The Clerk is DIRECTED to deliver a copy of this Order to all counsel of record.
It is so ORDERED.
. SA Alfin testified without contradiction that the FBI uncovered the user "Broden,” which it later linked to Defendant's computer, before it deployed the NIT,
. "Dedicated” to child pornography does not mean that every section actually consisted of child pornography—some forums apparently discussed how to prepare a child and exam-pies of child abuse. This distinction may explain the seeming conflict between SA Alfin’s testimony and the Government’s brief.
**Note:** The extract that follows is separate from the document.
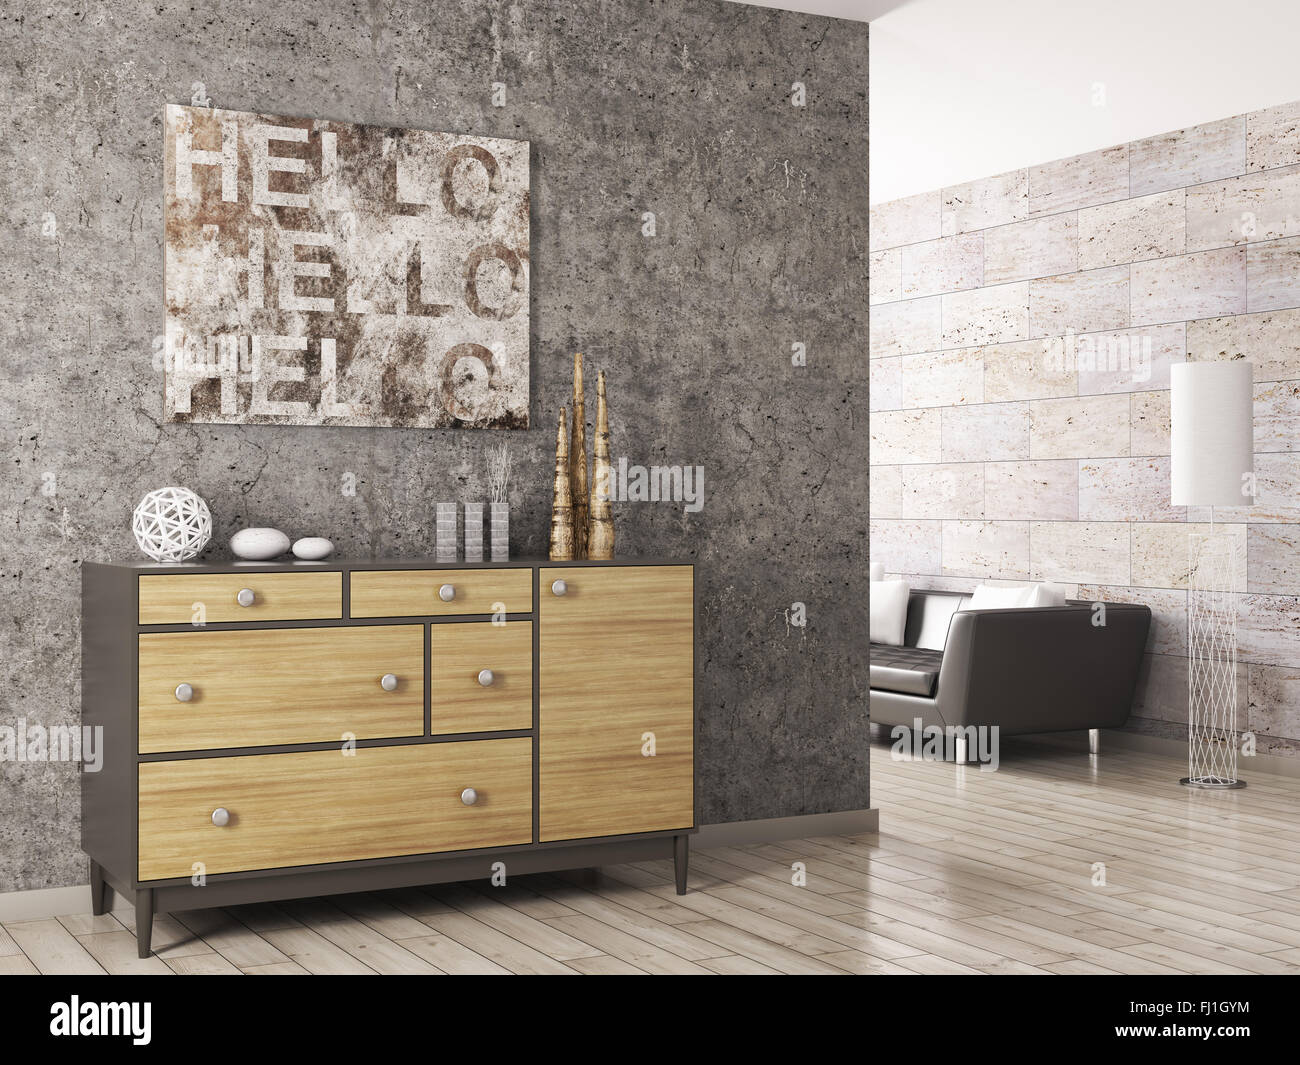 Interior of a living room with wooden cabinet against concrete wall 3d render Stock Photo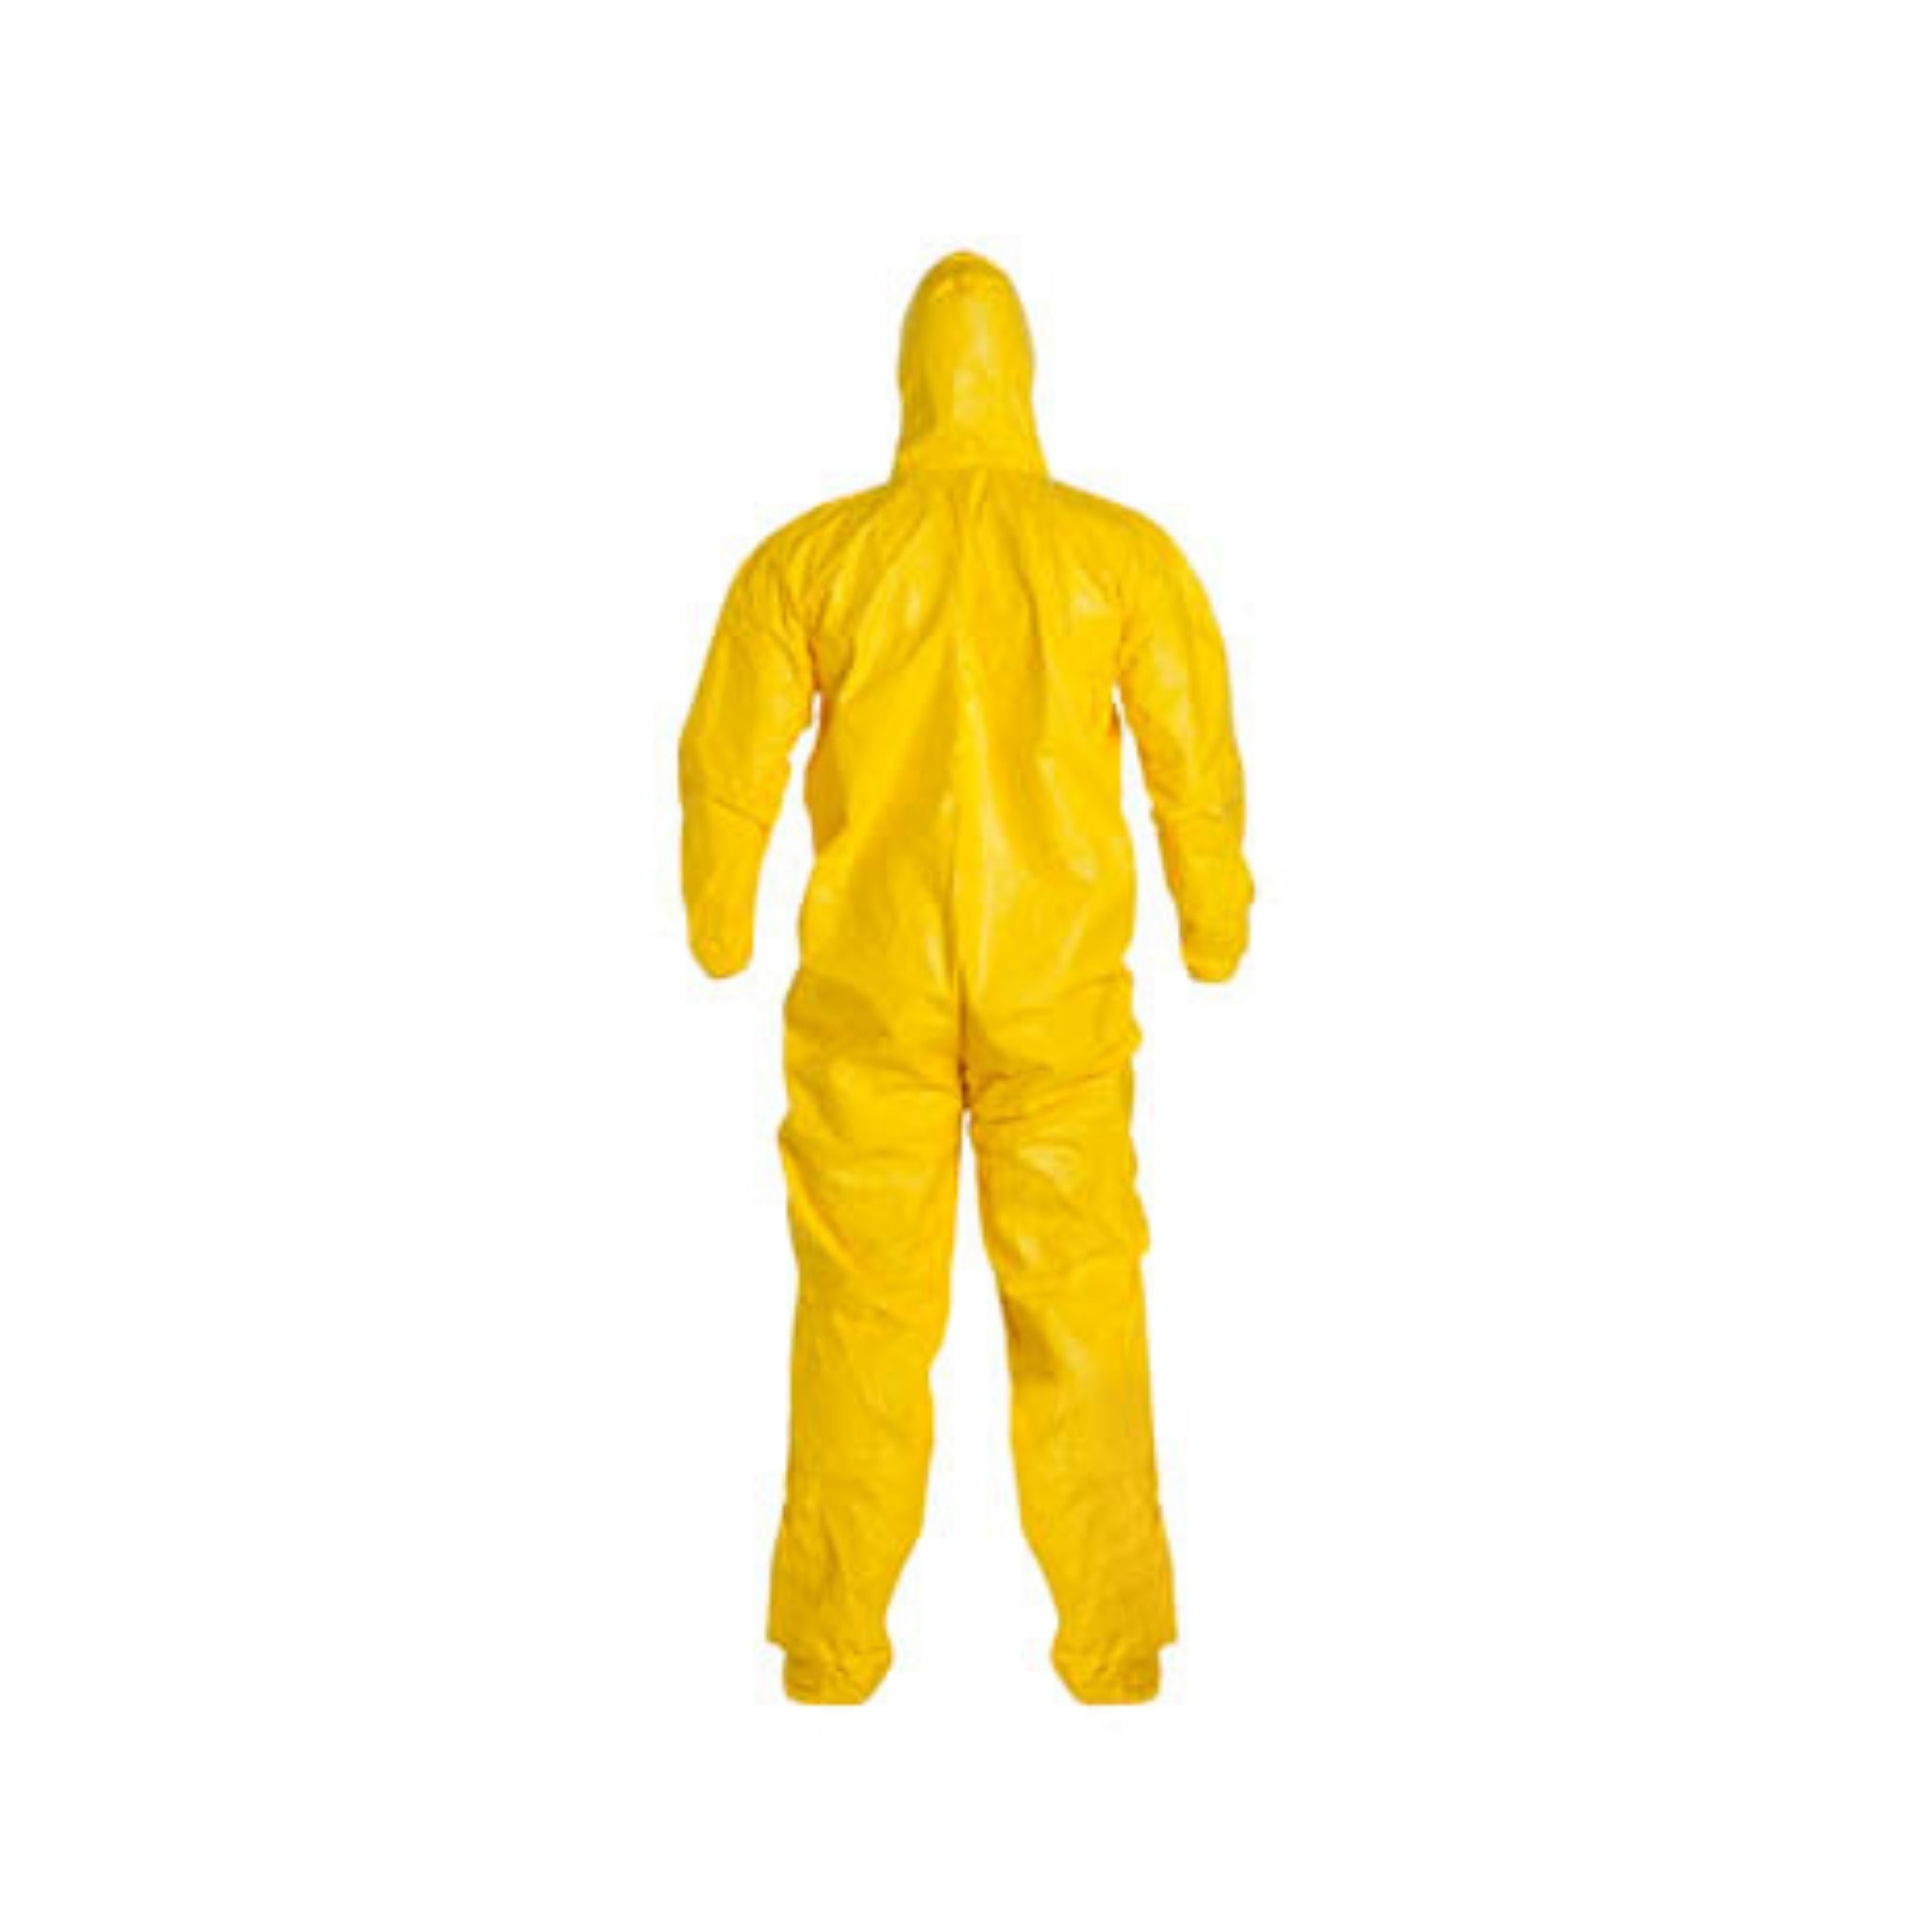 DuPont QC122S - Pack of 1: Tychem 2000 Standard Fit Hood, Booties Stormflap Elastic Wrists and Ankles Serged Seam, Yellow

. In Riley v. California, the Supreme Court held that "a warrant is generally required before” searching information on a cell phone, "even when a cell phone is seized incident to arrest.” — U.S. -, 134 S.Ct. 2473, 2493, 189 L.Ed.2d 430 (2014). Importantly, the Government had searched the contents of an arrestee's cell phone in Riley, including photographs and videos. Id at 2481. Here, however, the Government did not use the NIT to view anything beyond limited identifying information. Additionally, as the Eastern District of Michigan noted, Riley "did not generate a blanket rule applicable to any data search of any electronic device in any context.” United States v. Feiten, No. 15-20631, 2016 WL 894452, at *4 (E.D.Mich. Mar. 9, 2016). Instead, the Supreme Court "simply held that application of the search incident to arrest doctrine to [searches of digital data] would untether the rule from the justifications underlying it historically.” Id. (internal quotations omitted). Therefore, Riley does not control the Court’s decision in this case.
. The Court does note,. however, that it appears some of the continuing harm in this case occurred because the Government continued opérating Playpen, rather than immediately shutting it down. The Court has no role in deciding what methods the executive branch utilizes in fulfilling its duty to protect *622our citizens so long as’ its methods are constitutional.